What you write must match exactly the lines from the one with "Self-Tooling Composite Structure" through the last line of the material below.

>>>

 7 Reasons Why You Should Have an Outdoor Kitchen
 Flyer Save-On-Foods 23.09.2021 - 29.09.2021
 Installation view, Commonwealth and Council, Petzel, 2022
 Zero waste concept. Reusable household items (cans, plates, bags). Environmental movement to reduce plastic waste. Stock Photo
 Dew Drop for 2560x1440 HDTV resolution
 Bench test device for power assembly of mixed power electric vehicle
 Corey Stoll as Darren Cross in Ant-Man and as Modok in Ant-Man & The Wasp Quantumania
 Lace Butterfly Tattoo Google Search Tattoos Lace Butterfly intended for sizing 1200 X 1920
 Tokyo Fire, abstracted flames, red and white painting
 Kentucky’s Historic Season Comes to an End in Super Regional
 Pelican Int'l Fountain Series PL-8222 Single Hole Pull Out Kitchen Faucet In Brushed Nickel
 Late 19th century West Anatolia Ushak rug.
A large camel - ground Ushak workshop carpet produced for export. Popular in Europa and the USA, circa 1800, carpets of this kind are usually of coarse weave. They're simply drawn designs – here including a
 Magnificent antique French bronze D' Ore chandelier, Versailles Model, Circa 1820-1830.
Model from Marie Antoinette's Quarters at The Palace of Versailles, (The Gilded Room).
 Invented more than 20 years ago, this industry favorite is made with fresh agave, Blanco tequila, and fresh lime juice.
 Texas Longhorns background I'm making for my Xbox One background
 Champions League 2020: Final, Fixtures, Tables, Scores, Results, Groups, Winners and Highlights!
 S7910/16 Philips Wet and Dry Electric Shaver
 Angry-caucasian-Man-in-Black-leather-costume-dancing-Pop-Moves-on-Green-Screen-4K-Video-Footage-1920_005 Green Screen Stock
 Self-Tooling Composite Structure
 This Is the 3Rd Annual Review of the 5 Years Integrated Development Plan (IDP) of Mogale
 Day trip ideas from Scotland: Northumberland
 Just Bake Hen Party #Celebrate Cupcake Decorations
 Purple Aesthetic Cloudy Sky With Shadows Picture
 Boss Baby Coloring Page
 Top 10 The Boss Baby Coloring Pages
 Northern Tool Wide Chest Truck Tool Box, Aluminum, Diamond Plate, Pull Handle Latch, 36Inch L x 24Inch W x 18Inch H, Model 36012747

<<<

FINISHED EXERCISE:
 Self-Tooling Composite Structure
 This Is the 3Rd Annual Review of the 5 Years Integrated Development Plan (IDP) of Mogale
 Day trip ideas from Scotland: Northumberland
 Just Bake Hen Party #Celebrate Cupcake Decorations
 Purple Aesthetic Cloudy Sky With Shadows Picture
 Boss Baby Coloring Page
 Top 10 The Boss Baby Coloring Pages
 Northern Tool Wide Chest Truck Tool Box, Aluminum, Diamond Plate, Pull Handle Latch, 36Inch L x 24Inch W x 18Inch H, Model 36012747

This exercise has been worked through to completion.